Indiase vrouwen die hun kinderen afstaan, zijn niet goed geïnformeerd

Ongehuwd zwangere vrouwen in Zuid-India die besluiten om hun kind af te staan voor adoptie, doen dat vaak omdat ze in een omgeving verzeild zijn geraakt waarin adoptie als de beste, zo niet de enige oplossing wordt gepresenteerd. En ze doen het vaak met het idee dat ze weliswaar afstand doen van de zorg voor hun kind, maar niet van hun kind zelf. Pien Bos promoveert op 10 januari aan de Radboud Universiteit op onderzoek naar de besluitvorming van deze ongehuwde moeders. Ze pleit voor meer informatie, want het kán ook anders.

Pien Bos, pedagoge en antropologe, werkte in de adoptiewereld voordat ze in 2001 begon met haar onderzoek. Ze deed twee jaar veldwerk en voerde gesprekken met moeders, familie van moeders en diverse hulp- en zorgverleners.
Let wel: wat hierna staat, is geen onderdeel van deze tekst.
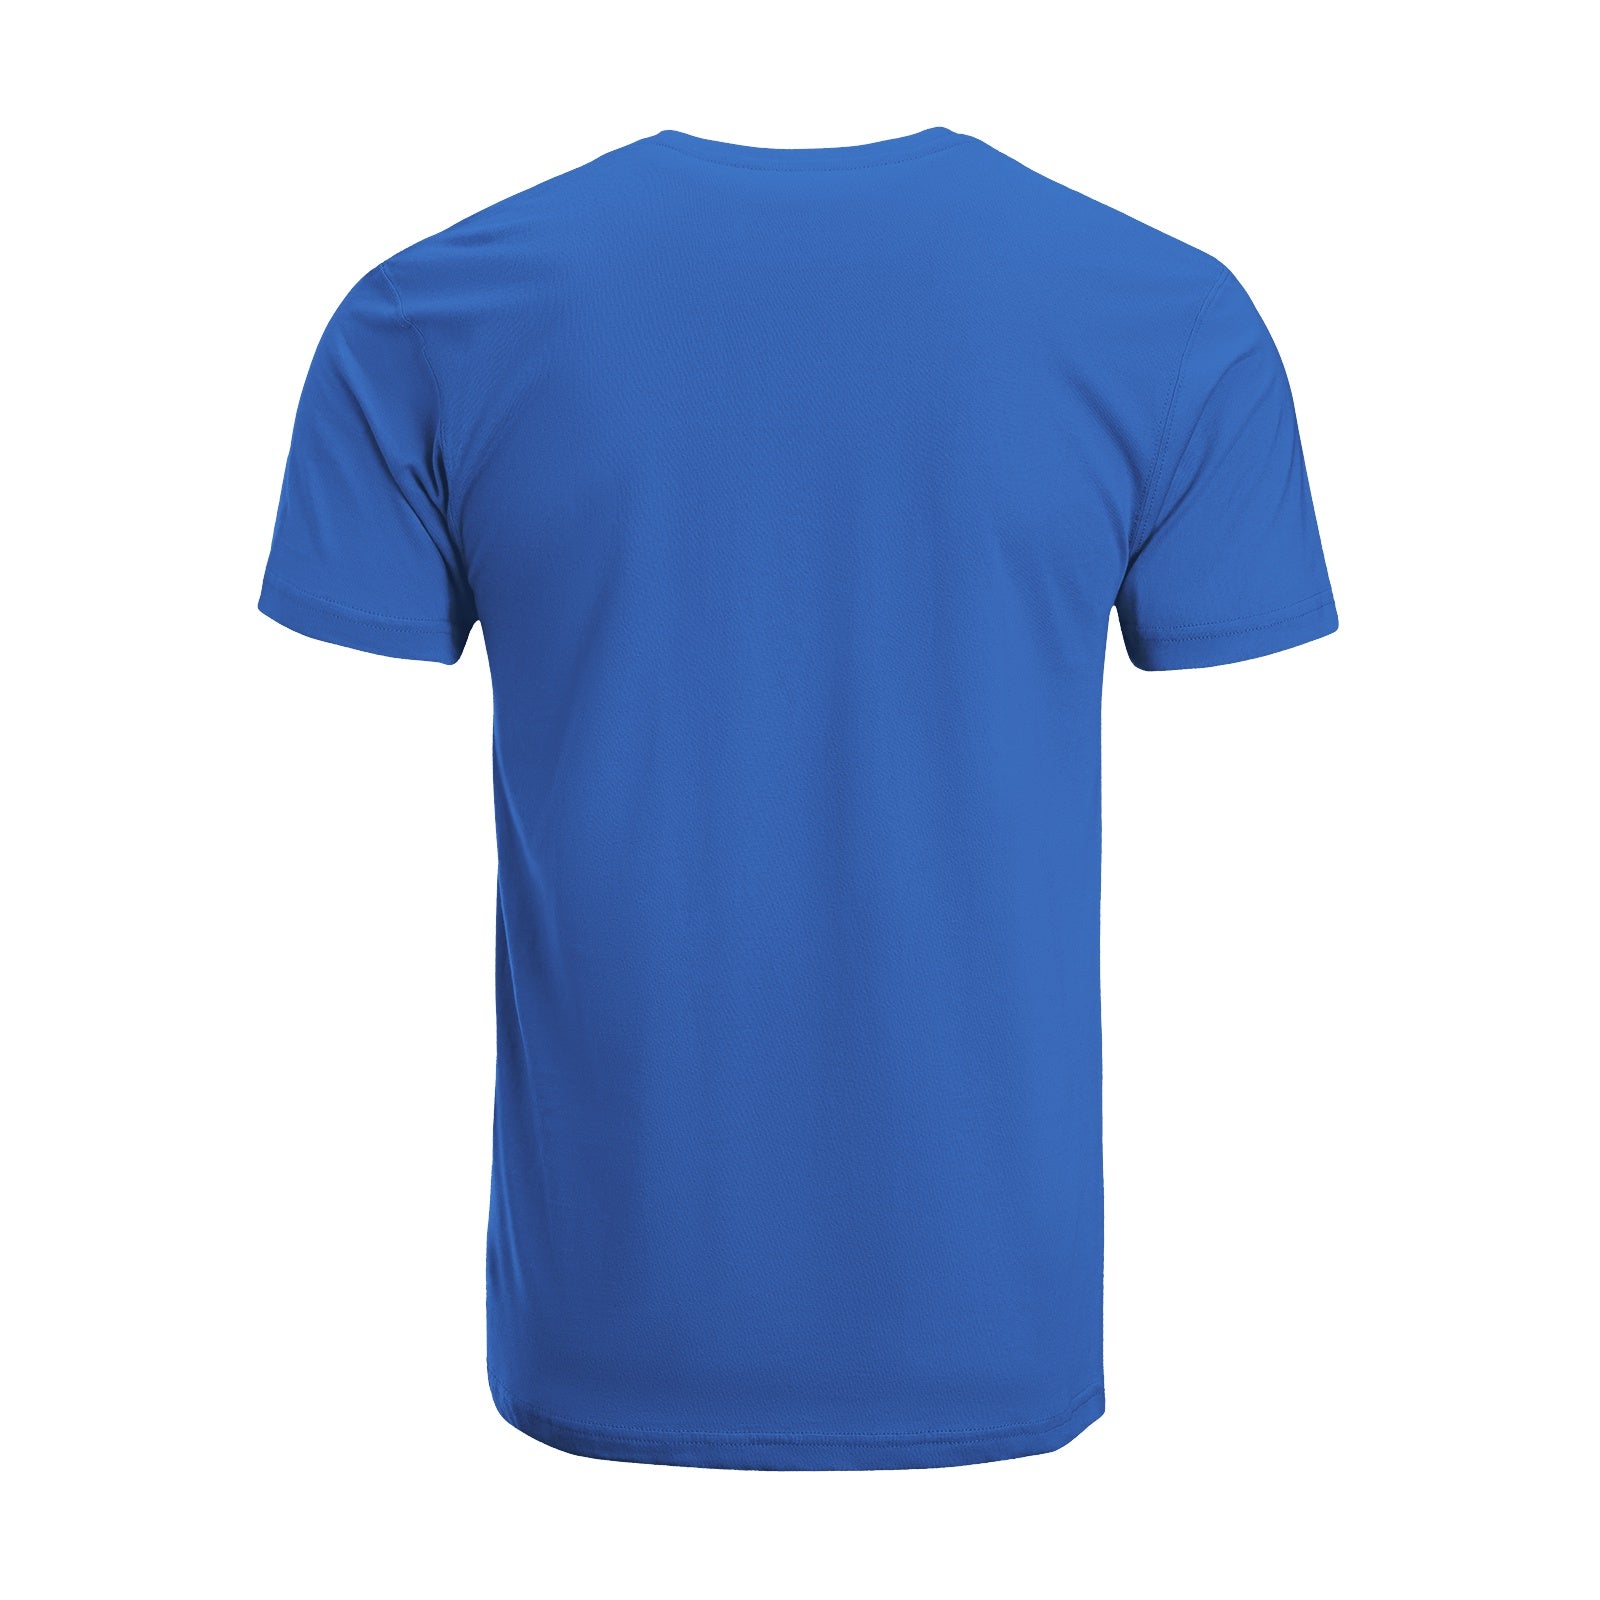 Unisex Short Sleeve Crew Neck Cotton Jersey T-Shirt CAT 25 - Tara-Outfits.com
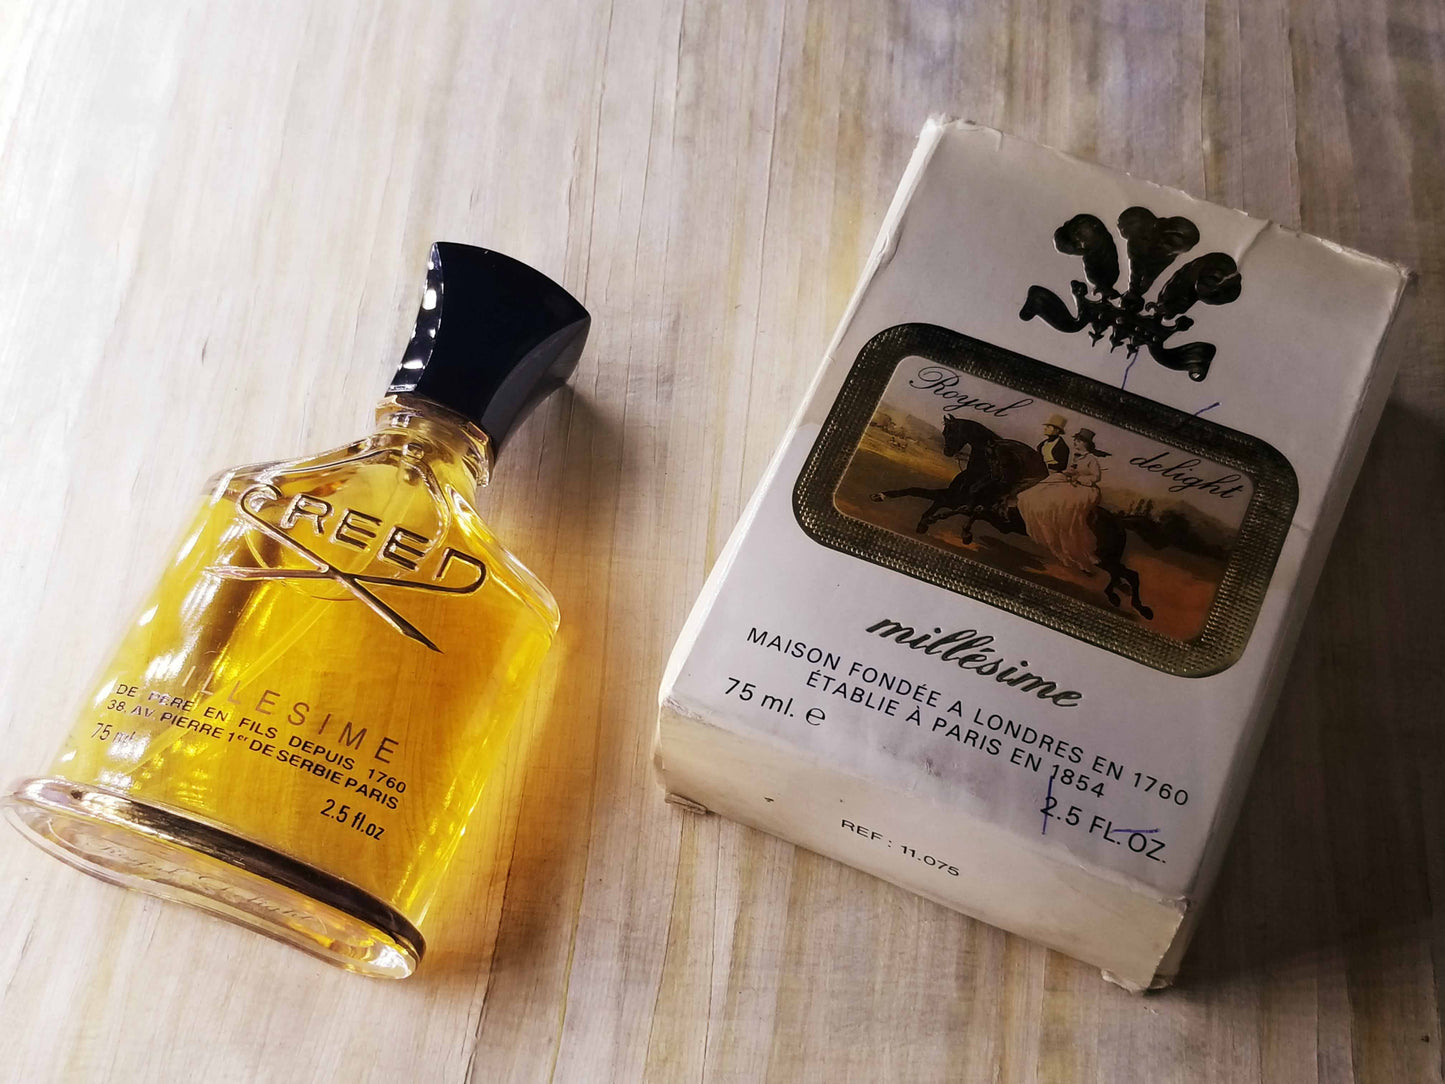 Royal Delight Creed Unisex EDP Spray 75 ml 2.5 oz, Very Rare, Vintage

Nog maar één kant op kunnen
Een van Bos' conclusies is dat veel van de ongehuwde Indiase moeders in een proces terechtkomen waarin afstand doen van het kind op zeker moment nog de enige mogelijkheid lijkt. Bos gebruikt in dit verband de fuik als metafoor: 'Iedere vrouw heeft haar eigen verhaal, maar je kunt wel stellen dat al deze zwangere meisjes of vrouwen in paniek zijn, wat het lastig maakt om weloverwogen beslissingen te nemen. En dan komen ze, nadat trouwen en een abortus als mogelijkheid zijn afgevallen, terecht in een opvanghuis. Vanaf dat moment is alles en iedereen gericht op afstand doen. We hebben het niet over illegale kinderhandel - het is meer zo dat de opvanghuizen niet alleen opvangen maar tegelijkertijd bemiddelen voor adoptie. Dat heeft bovendien een financiële kant: ze moeten grotendeels of geheel rondkomen van de vergoedingen die adoptieouders betalen.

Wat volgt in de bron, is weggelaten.